Latent scaling reconstruction term For Latent Scaling, we express the reconstruction term as

$$\begin{aligned}&{\mathbb {E}}_{q}[\log {p(y_{i_1\ldots i_P}|\mathbf{V}_1\ldots \mathbf{V}_P,\mathbf{V}_1'\ldots \mathbf{V}_P')}] \nonumber \\&\quad \propto \frac{1}{\sigma _y^2} \left[ \mathbf{Y}^2 -2\mathbf{Y}\circ \Bigg (\prod _{p=1}^P (\mathbf{M}_p^s \circ (\mathbf{M}_p \times _2 \mathbf{K}_p) + \mathbf{M}_p^b) \Bigg )\right. \nonumber \\&\qquad +\,\left( \left( \prod _{p=1}^P \times _{-1} \mathbf{M}_p^s\right) ^2+\left( \prod _{p=1}^P \times _{-1} \varSigma _p^s\right) \right) \nonumber \\&\qquad \circ \,\left( \left( \prod _p^P \times _{-1} \mathbf{M}_p\times _{2} \mathbf{K}_p\right) ^2+ \prod _{p=1}^P \times _{-1} \varSigma _p\times _{2} (\mathbf{K}_p)^2\right) \nonumber \\&\qquad +\,2\left( \prod _{p=1}^P \times _{-1} \mathbf{M}_p^s\right) \circ \left( \prod _{p=1}^P \times _{-1} \mathbf{M}_p^b\right) \circ \left( \prod _{p=1}^P \times _{-1} \mathbf{M}_p \times _2 \mathbf{K}_p\right) \nonumber \\&\left. \qquad +\,\left( \left( \prod _{p=1}^P \times _{-1} \mathbf{M}_p^b\right) ^2+\left( \prod _{p=1}^P \times _{-1} \varSigma _p^b\right) \right) \right] . \end{aligned}$$
(30)

For details, see the Appendix A.2.

3.9.2 Multivariate VI

Multivariate KL The KL divergence between a multivariate normal prior p and a variational approximation given by q:

$$\begin{aligned} D_{\text {KL}}({{\mathcal {N}}}_{q}\parallel {{\mathcal {N}}}_{p})={\frac{1}{2}}\left[ {\text {tr}} \Bigg (\varSigma _{p}^{-1}\varSigma _{q}\right) +(\mu _{p}-\mu _{q})^{{\mathsf {T}}}\varSigma _{p}^{-1}(\mu _{p}-\mu _{q})-k+\ln \left( {\frac{\det \varSigma _{p}}{\det \varSigma _{q}}}\right) \Bigg ] \end{aligned}$$
(31)

Where \(\mu _p,\mu _q\) and \(\varSigma _p,\varSigma _q\) are the mean and covariance for the prior and variational respectively. Inspired by g-prior (Zellner 1986), we take \(\varSigma _p = \mathbf{K}^{-1}_p\), where \(\mathbf{K}^{-1}_p\) is the inverse kernel covariance matrix of side information for mode p. When side information is absent, we take \(\varSigma _p = \mathbf{I}\). Another benefit of using the inverse is that is simplifies calculations, since we now avoid inverting a dense square matrix in the KL-term. Similar to the univariate case we choose \(\mu _p\) a priori, although here it becomes a constant tensor rather than a constant scalar.
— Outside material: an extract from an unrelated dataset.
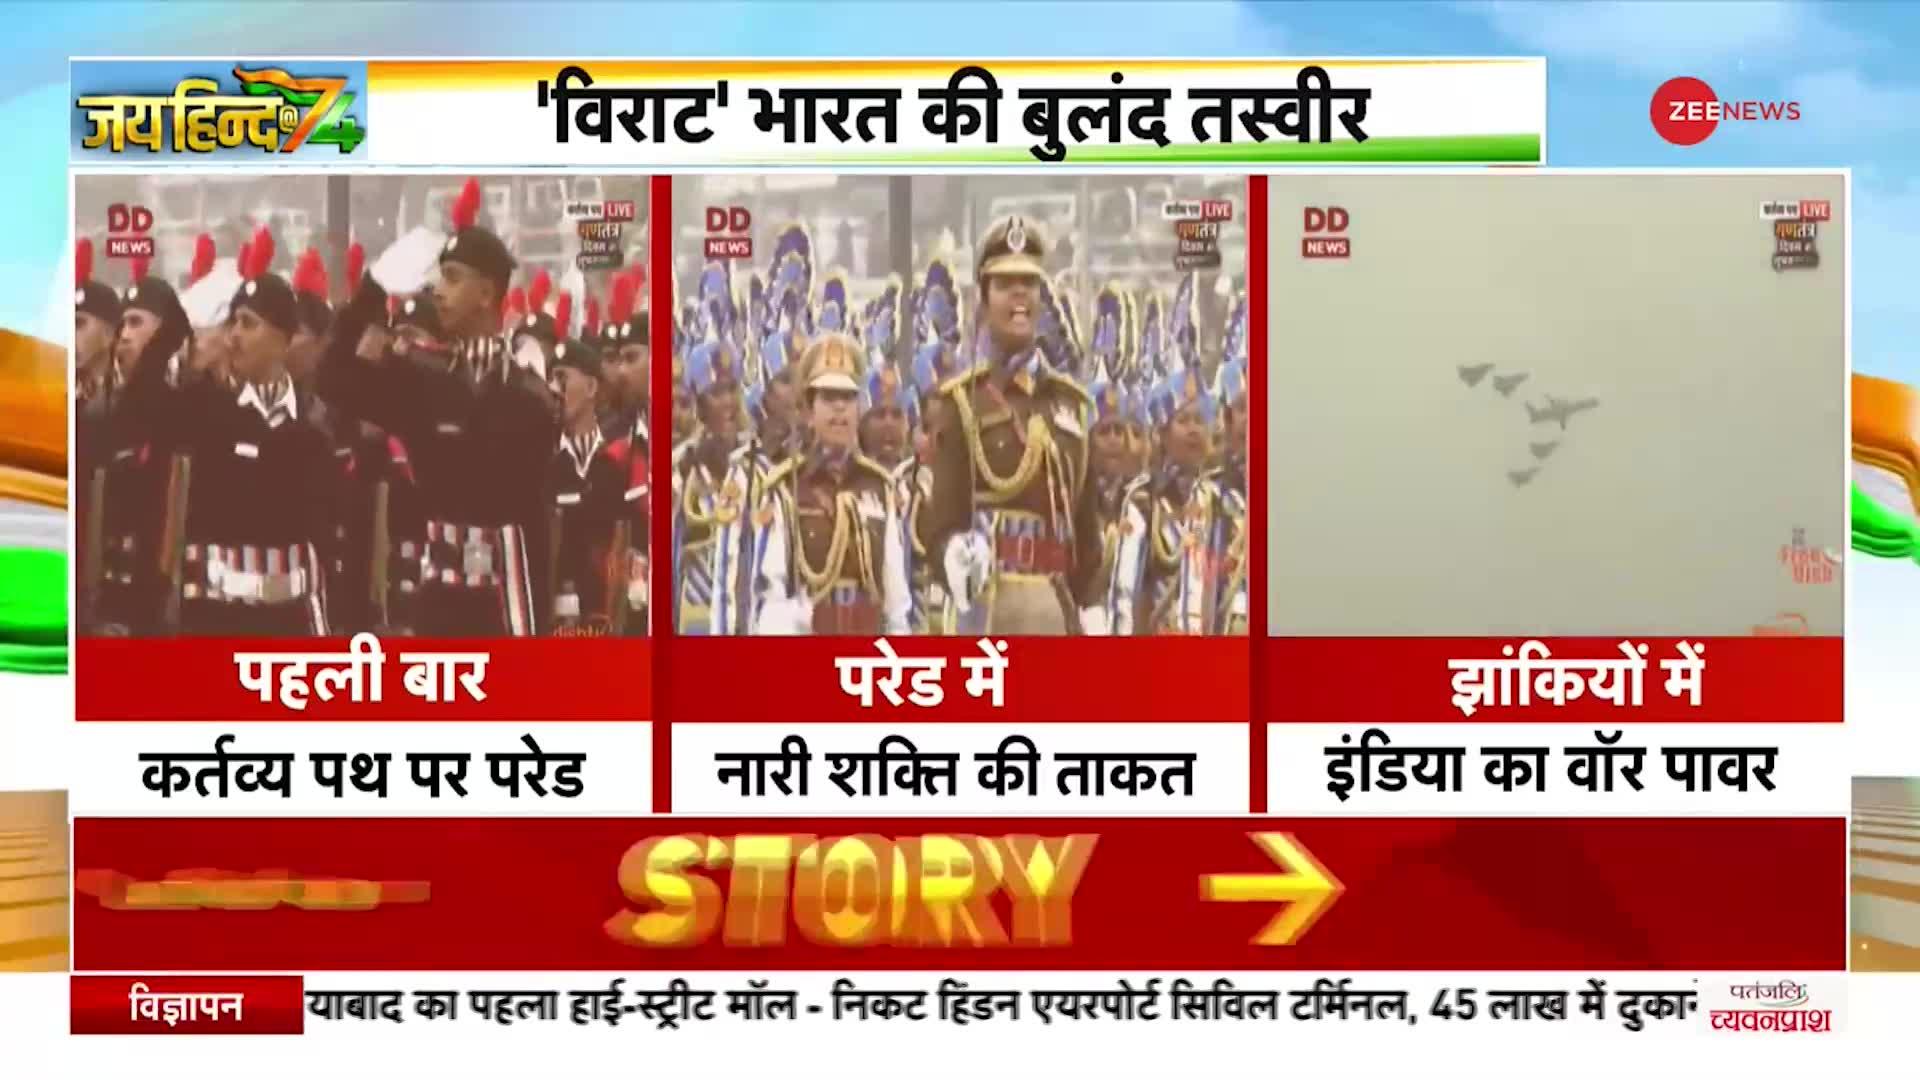 74th Republic Day: पहली बार Kartavya Path पर परेड, बसंत पंचमी के रंग में दिखे PM Modi
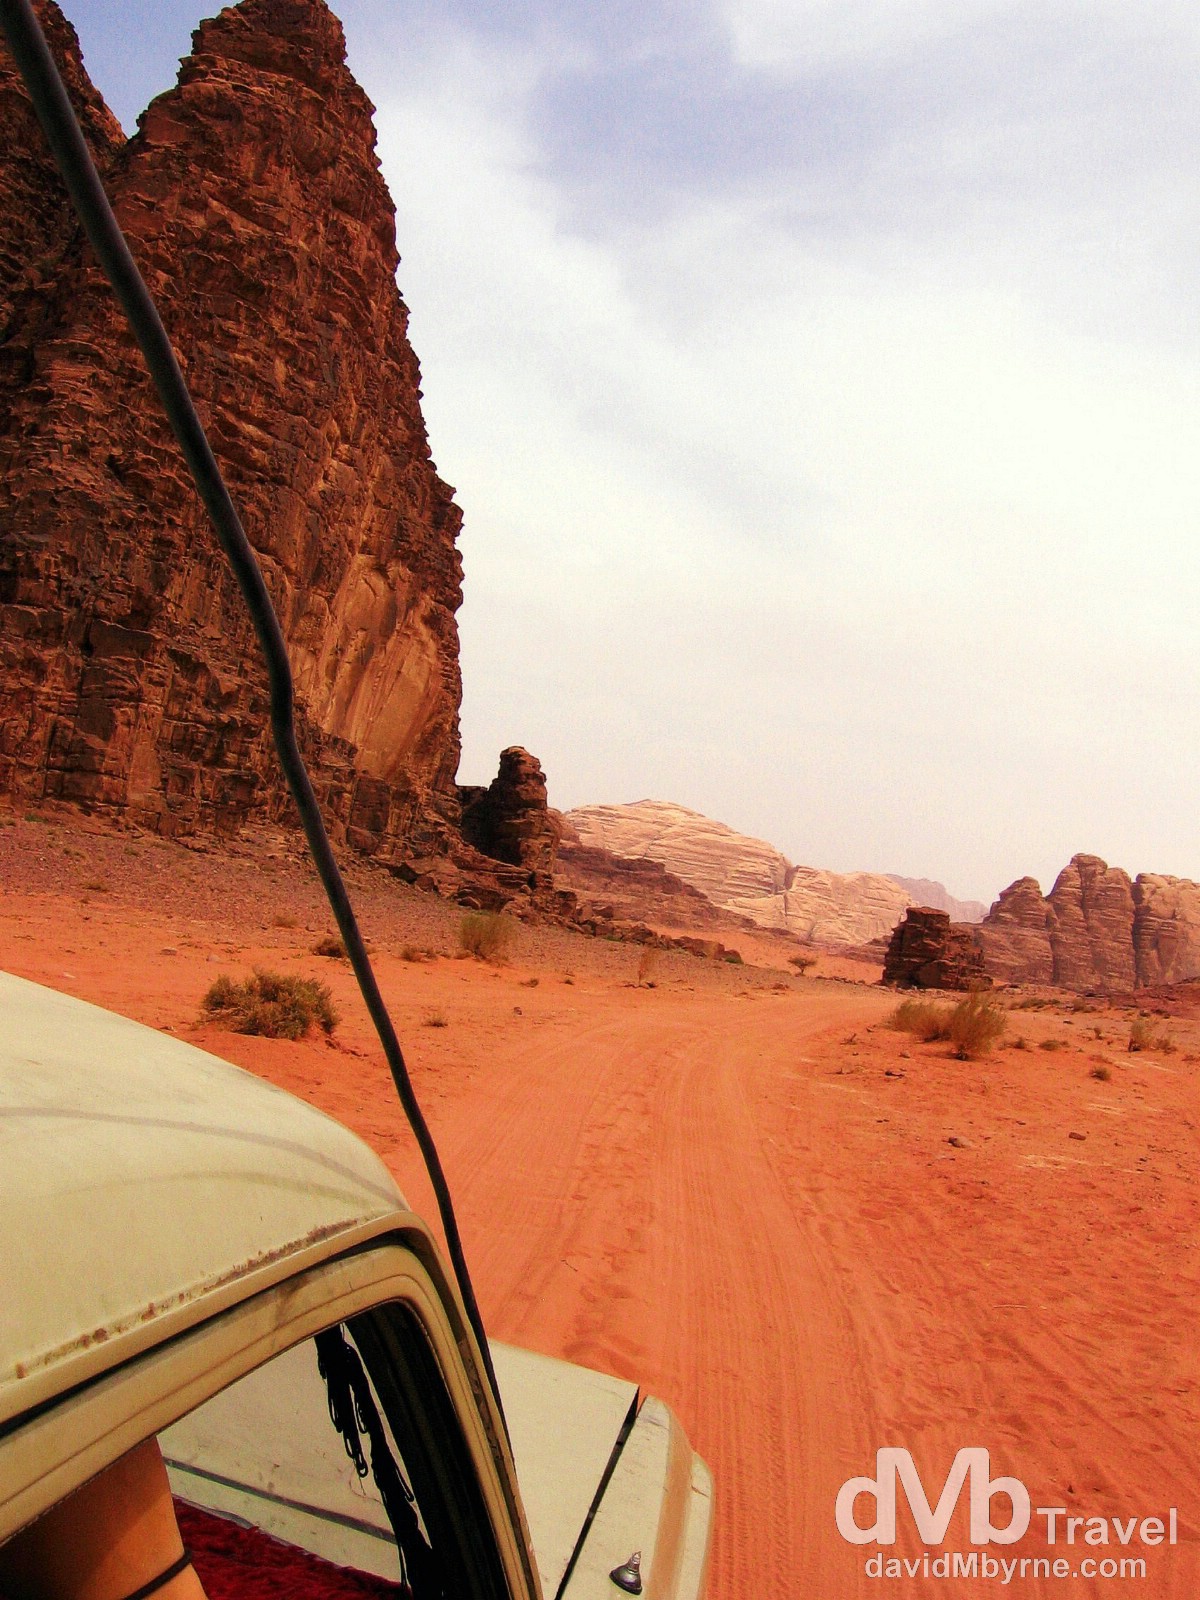 Driving through the red sands of Wadi Rum, Jordan. April 25th 2008.

Model For the multivariate case, we consider the following priors

$$\begin{aligned}&p(\mathbf{V}_p')= \prod _{\begin{array}{c} r_p,i_p \end{array}}{\mathcal {N}}(v_{r_{p}i_pr_{p-1}}'|\mu _p',\sigma _p'^2)\nonumber \\&p(\mathbf{V}_p) =\prod _{r_p}{\mathcal {N}}(\text {vec}(\mathsf {v}_{r_p})|\mu _p,\prod _{q=1}^{Q_p}\otimes (\mathbf{K}_q)^{-1}) \end{aligned}$$
(32)

Where \(Q_p\) is the number of dimensions jointly modeled in each TT-core. For the variational approximations, we have

$$\begin{aligned}&q(\mathbf{V}_p')=\prod _{\begin{array}{c} r_p,i_p \end{array}}{\mathcal {N}}(v_{r_{p}i_pr_{p-1}}'|\mu _{r_pi_pr_{p-1}}',\sigma _{r_pi_pr_{p-1}}'^2)\nonumber \\&q(\mathbf{V}_p)=\prod _{r_p,i_p}{\mathcal {N}}(\text {vec}(\mathsf {v}_{r_p})|\mu _{r_pi_pr_{p-1}},\prod _{q=1}^{Q_p}\otimes (\mathbf{B}_{q}\mathbf{B}_{q}^{\top })) \end{aligned}$$
(33)

We take \(\mu _p',\sigma _p'^2,\mu _p\) to be hyperparameters and \(\varSigma _{q}=\mathbf{B}_{q}\mathbf{B}_{q}^{\top }\).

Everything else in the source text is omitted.